▸ DESCRIPTION OF THE TASK
Give the listing back in full, exactly as written, with the pictures removed.

▸ DATASET SECTION
━━━

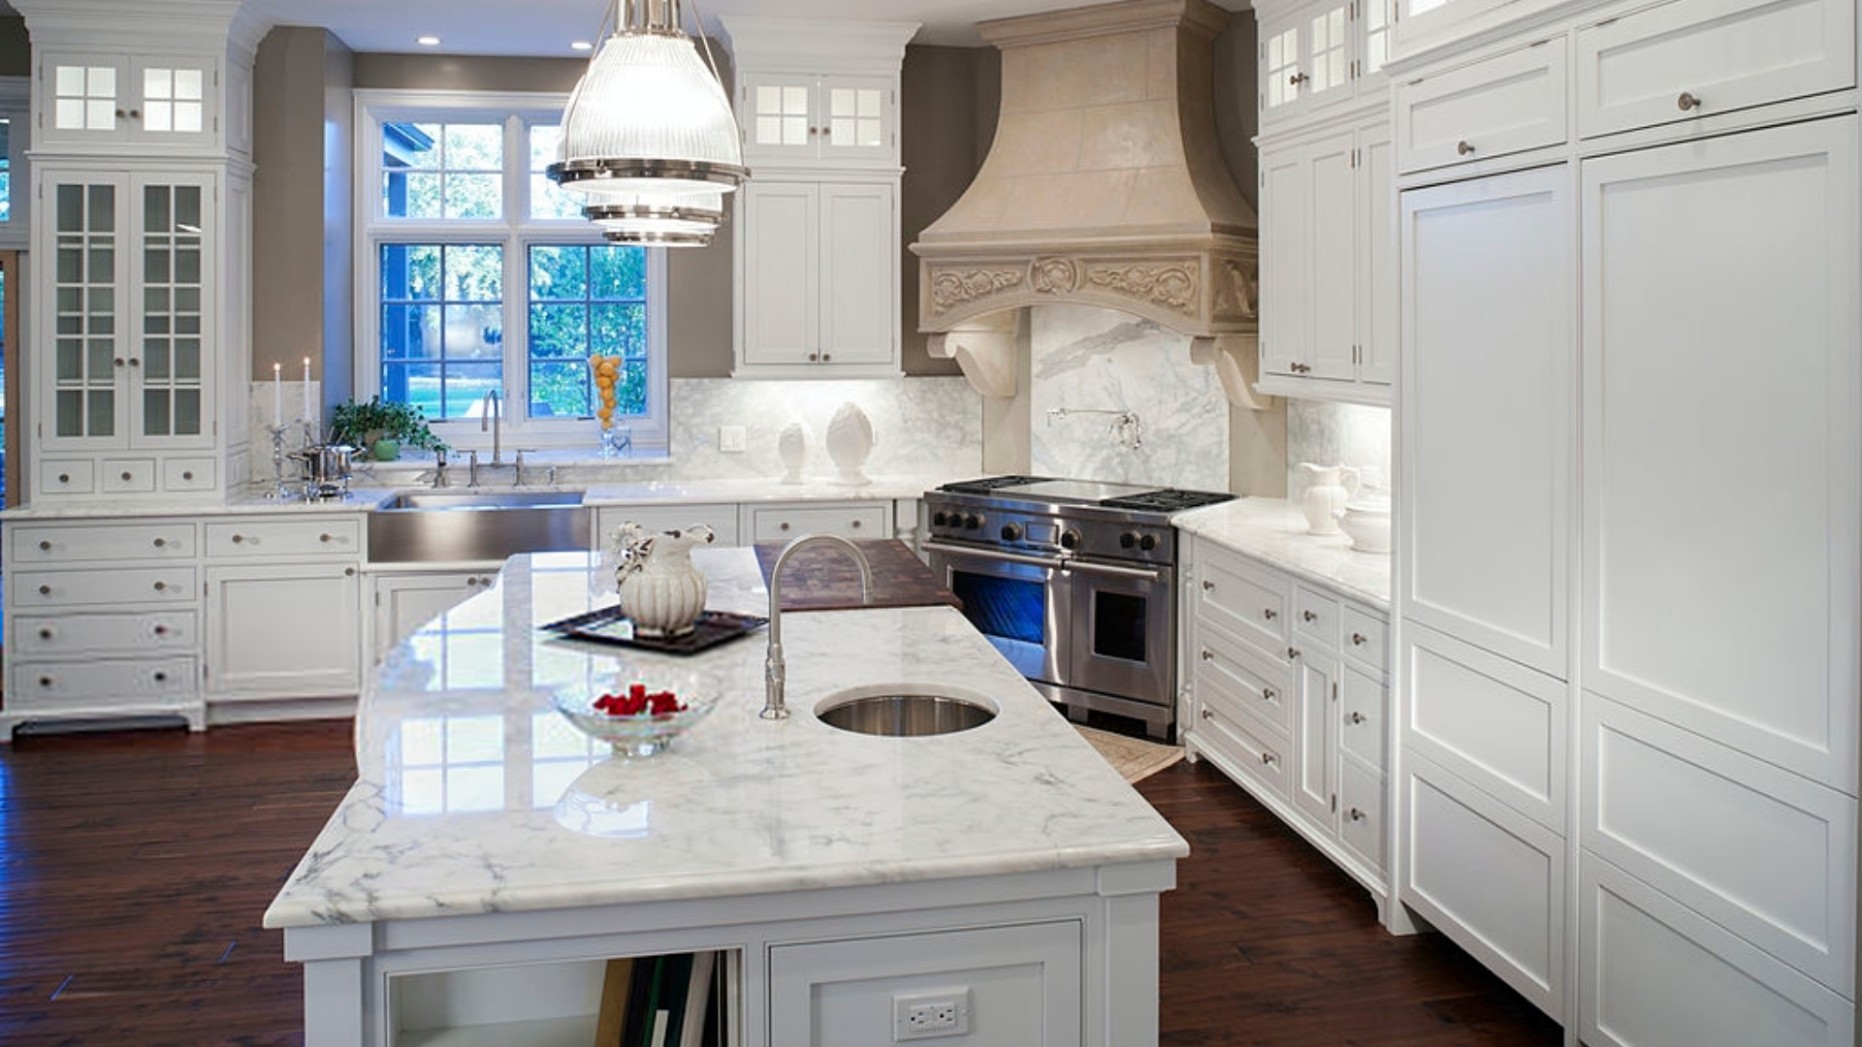 What Countertop Color Looks Best With White Cabinets in Your St  - what color granite looks best with white cabinets?
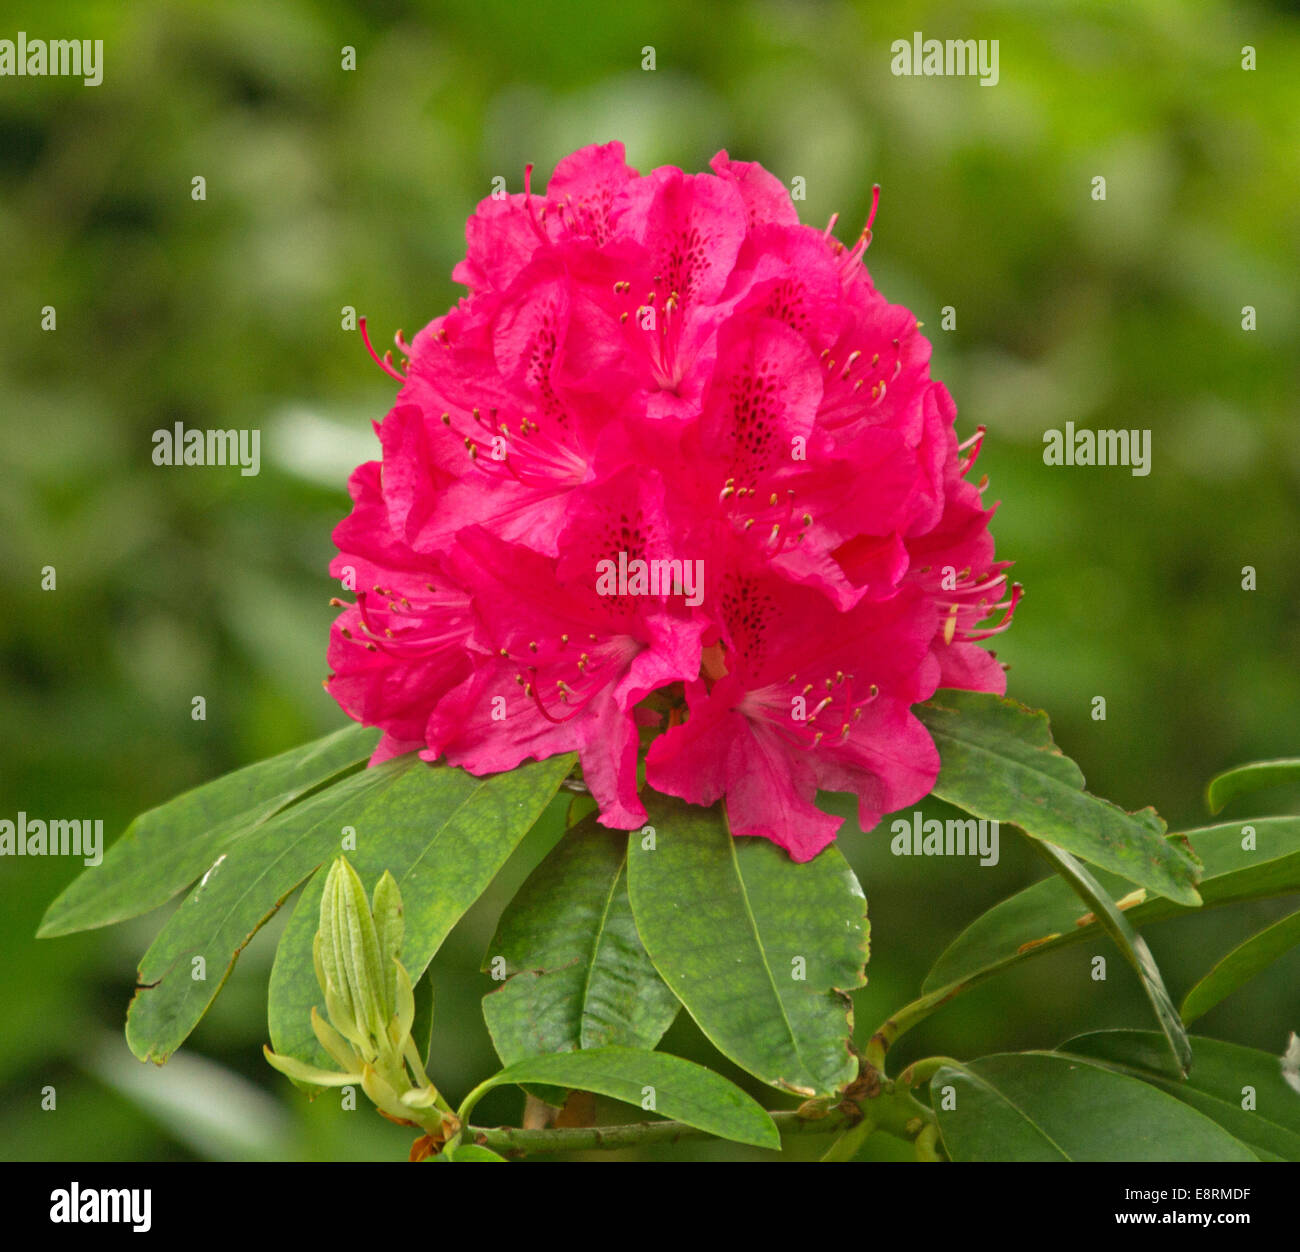 Large cluster of bright magenta red rhododendron flowers and green foliage against light green background Stock Photo
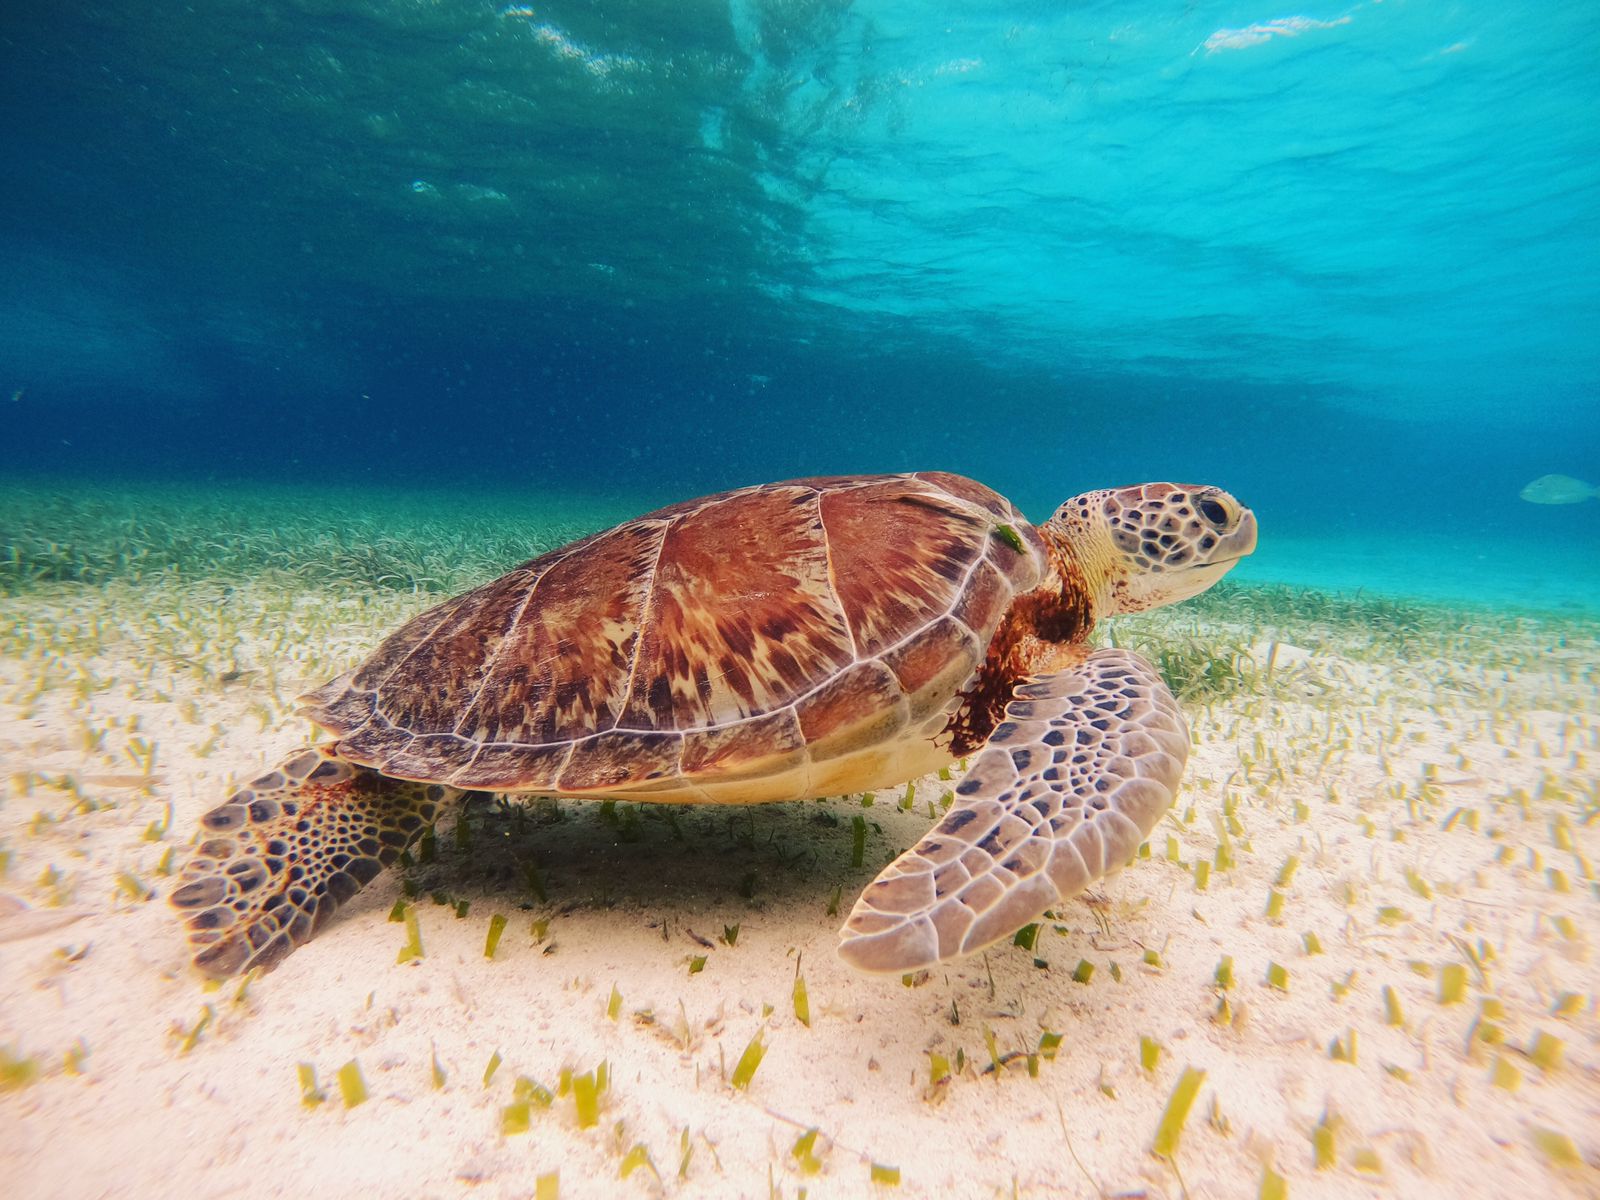 Captain Amado Watson's tour company, Caye Caulker Reef Friendly Tours, is very different from the average company you’ll find in Belize ecotourism. Learn more in Episode 70 of the For Animals For Earth show.
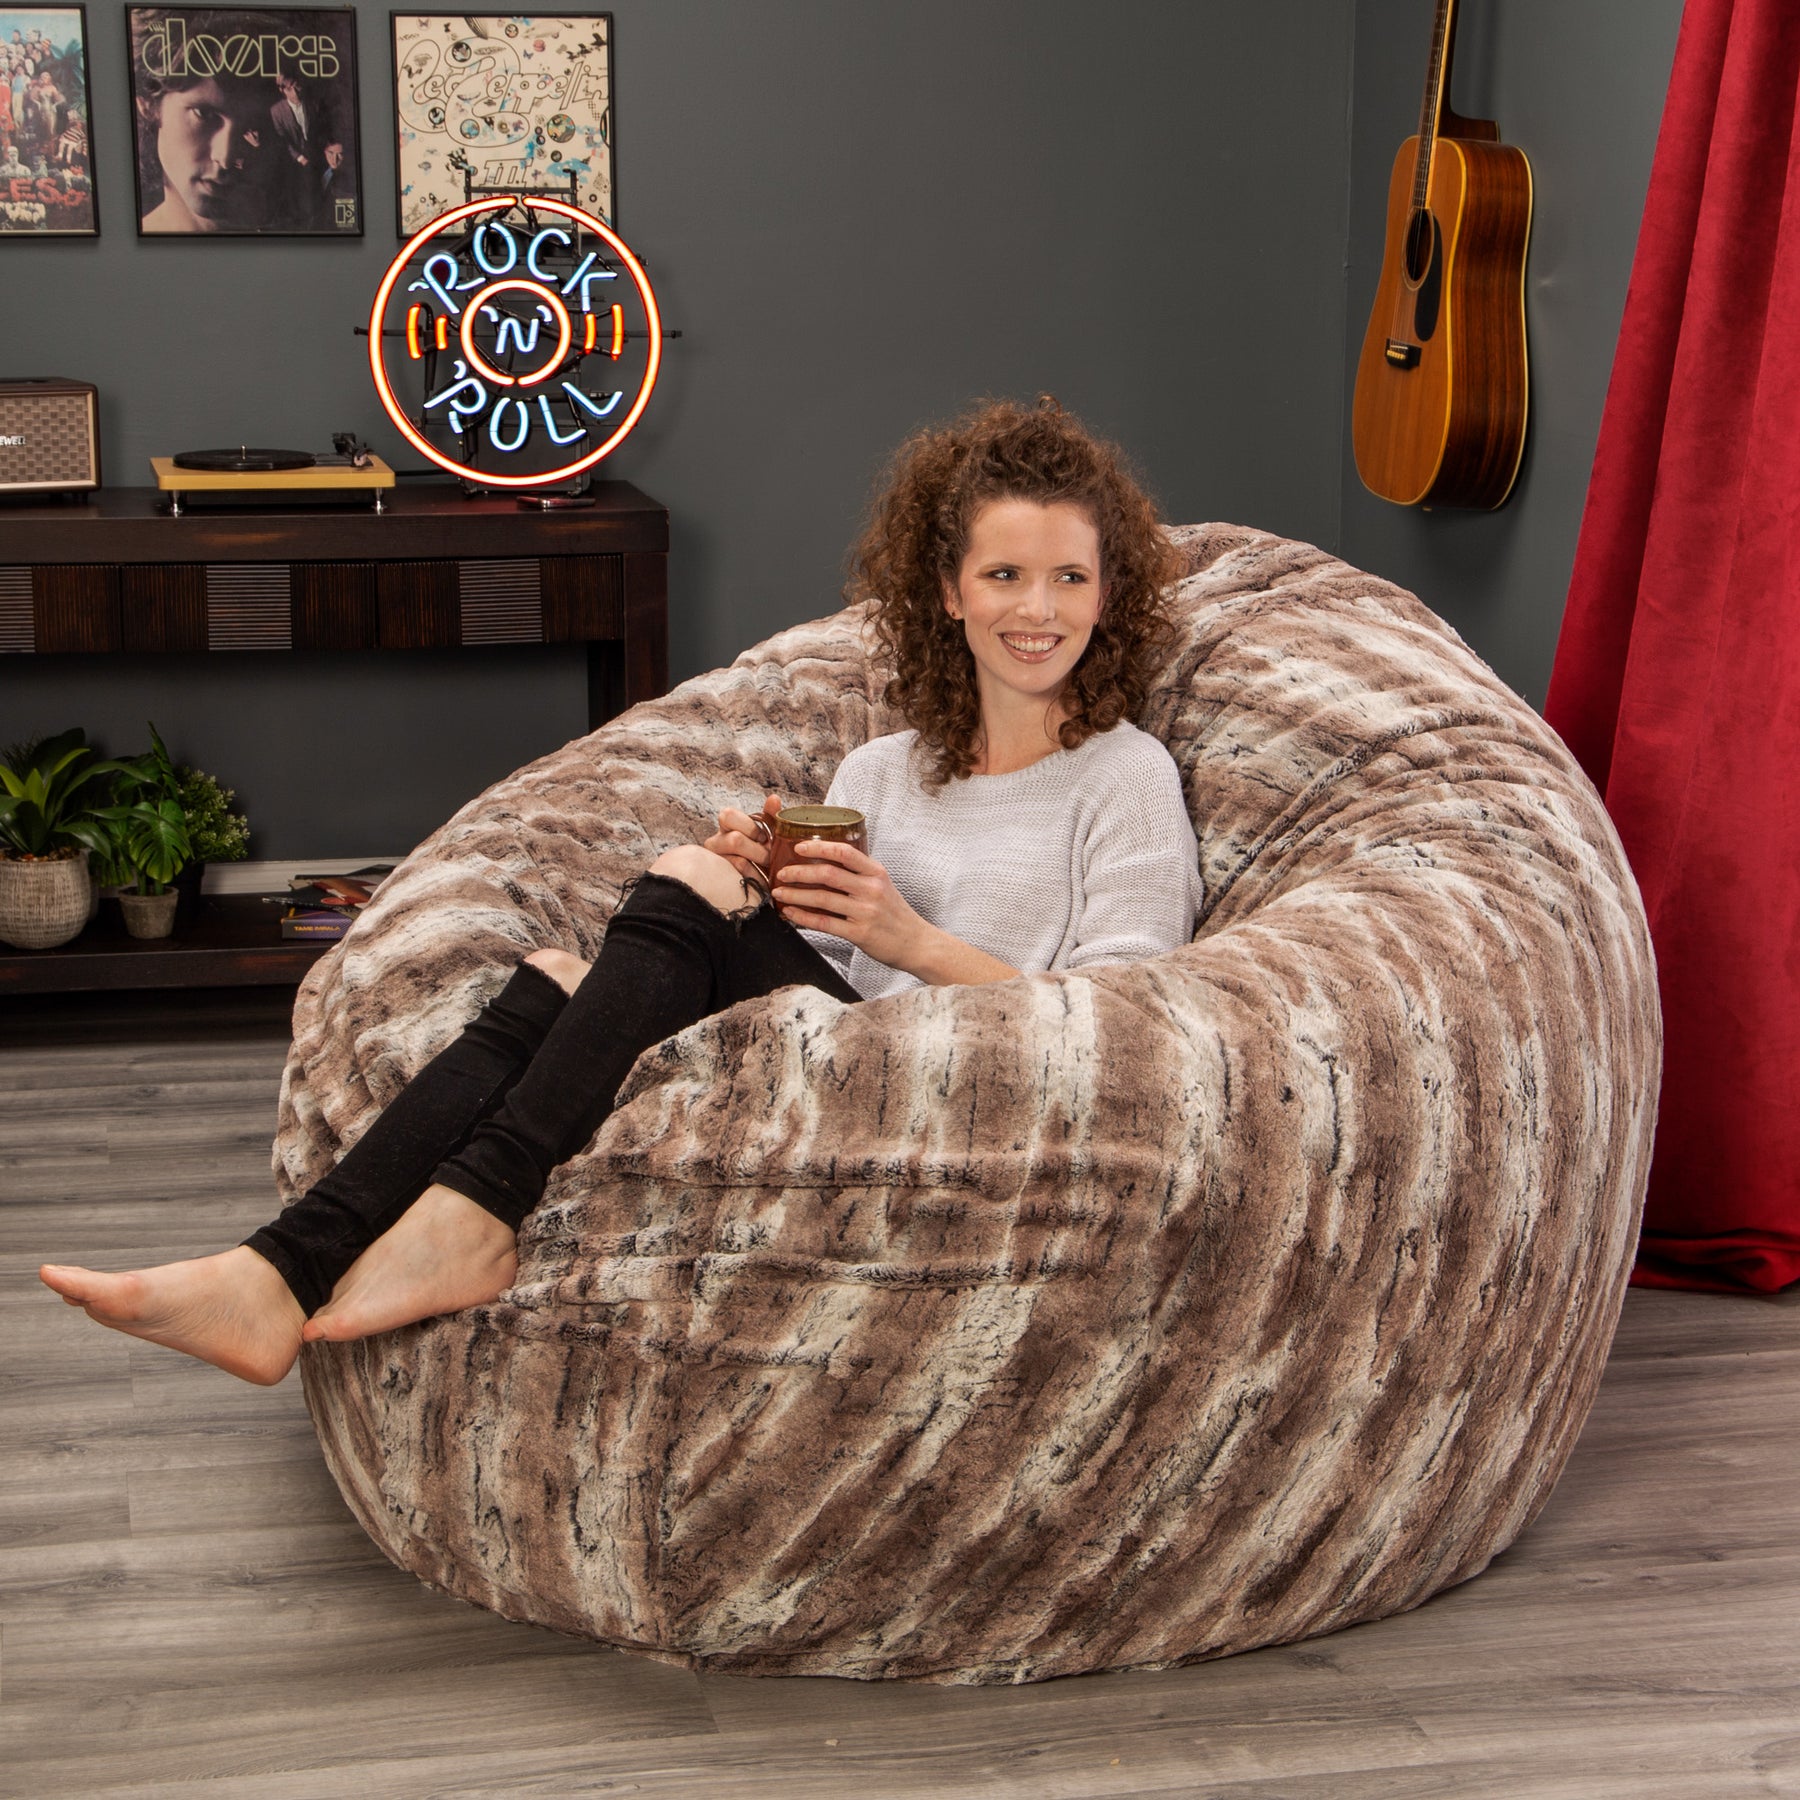 Giant Bean Bag: 6 Foot Bean Bag Chairs for Sale | Ultimate Sack

━━━

▸ TASK ANSWER
 What Countertop Color Looks Best With White Cabinets in Your St  - what color granite looks best with white cabinets?
 Large cluster of bright magenta red rhododendron flowers and green foliage against light green background Stock Photo
 Captain Amado Watson's tour company, Caye Caulker Reef Friendly Tours, is very different from the average company you’ll find in Belize ecotourism. Learn more in Episode 70 of the For Animals For Earth show.
 Giant Bean Bag: 6 Foot Bean Bag Chairs for Sale | Ultimate Sack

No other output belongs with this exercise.